DON’T GO TELLIN’ YOUR MOMMA
The Black ABCs were born in 1970, when Black educators in Chicago developed alphabet flash cards to provide Black-centered teaching materials to the vastly white educational landscape. Fifty years later, 26 scenes provide an update to their meanings.
F^¢K ‘€M R!GHT B@¢K
A queer, Black, aspiring Baltimore rapper must outwit his vengeful day-job boss in order to avoid getting fired after accidentally eating an edible.
Two gentlemen make a living hustling metal in Cleveland, Ohio.
In Compton, California, two brothers stuck in arrested development have to figure out how to handle their annoying, fried-chicken-hating, bookworm nephew, as he attempts to hang himself with a garden hose.
PRAYERS FOR SWEET WATERS
Stories intersect across vivid realities and dreamscapes to submerge us into the worlds of three transgender sex workers living in Cape Town, South Africa during the COVID-19 pandemic.
PRECIOUS HAIR & BEAUTY
An ode to the mundanity and madness of the high street, told through the window of an African hair salon.
SHORT TERM 12
A film about kids and the grown-ups who hit them.
SUB ELEVEN SECONDS
A rumination on time, loss, and hope, Sub Eleven Seconds is a poetic imagining of the quest of Sha’Carri Richardson — a young track and field athlete — to achieve her dream of qualifying for the Olympic Games.
YOU GO GIRL!
Audrey, a New York City comedian who can make a joke of any situation, faces a staggering challenge in the beautiful mountains of Oregon. Can this city woman overcome her fears and rise?
It’s the waning days of summer for four friends Dina, Lola, Daisy, and Mari, who will soon be going their separate ways when they all start middle school. While planning how to spend their last weekend together, they stumble across a mystery that takes them on a life-changing adventure.
Using investigation techniques learned from watching TV shows, the friends make a series of discoveries that are as much about solving the mystery as they are about learning the hard truths of growing up.
Director James Ponsoldt (Smashed, 2012, and The Spectacular Now, 2013) returns to the Sundance Film Festival with a film for every generation. Anchored by engaging performances from its youthful cast and a strong script from Ponsoldt and co-writer Benjamin Percy, Summering is a refreshing rarity when compared to the familiar animated and special effects-driven movies usually directed towards young audiences today.
Viewer Advisory: This film contains mentions of suicide, a dead body, and some scenes that may be frightening for younger viewers. Recommended for ages 10+.
Also, note that this isn’t a Black film, but I couldn’t ignore the fact that our little sis Madalen Mills (who starred in Netflix’s Jingle Jangle film) is in this.
JUST ANOTHER GIRL ON THE I.R.T.
Chantal has plans. She’s going places. She’s on track to graduate early, go to college, become a doctor, and get out of the Brooklyn projects where she’s grown up.
Life for Chantal swirls with teenage emotions — she is brash, bold, self-possessed, and irrepressibly spirited, traits that inevitably clash with the world around her.

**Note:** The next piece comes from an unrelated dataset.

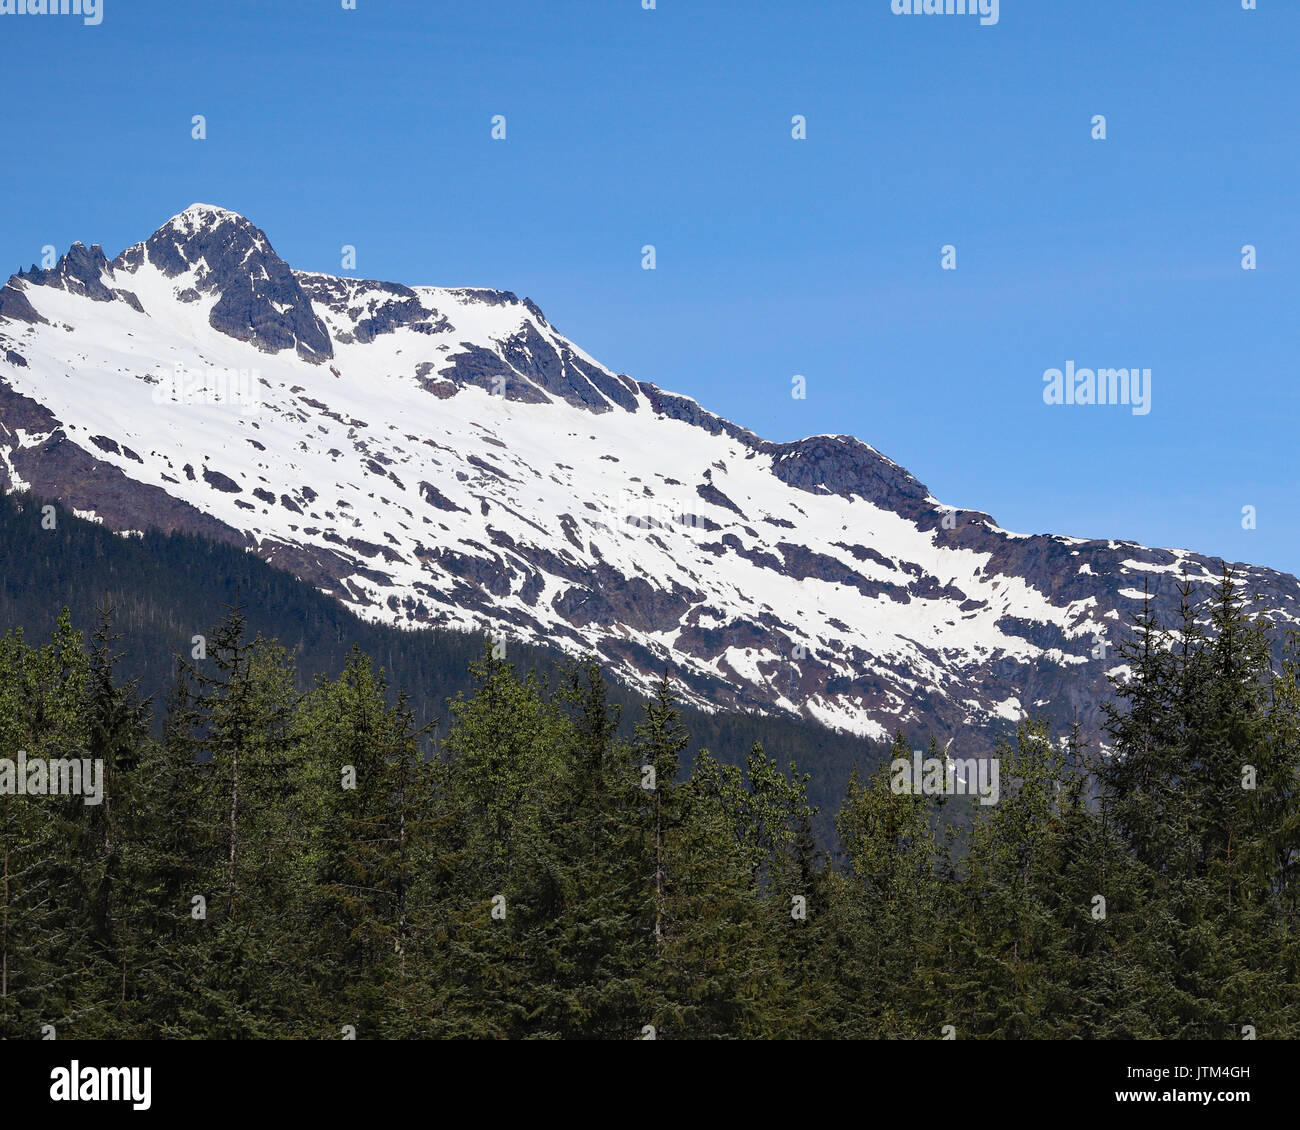 Mountain view through pine trees Stock Photo

Whether it’s her feisty resistance to the whiteness of her educational curriculum or her confrontations with the wealthy white patrons of the upscale gourmet food store where she works, her complexity and energetic sense of purpose are balanced by a hazy self-awareness of adolescence.
Part of an exciting wave of young Black filmmakers whose work reshaped and redefined indie film in the early ’90s, Leslie Harris was one of the few Black women making films from her own perspective, a rarity even in independent cinema of the era.
Before you add these Sundance 2022 films to your watch list …
Do understand that … while I am a bit annoyed at how triggering most of these Sundance 2022 films seem, I am going to give them a watch before I judge them.
So if you wanna wait until I drop reviews before checking these out, I completely understand.
But if you’re already excited to check these out, feel free to visit the Sundance website and grab a ticket or two, so we can watch these together.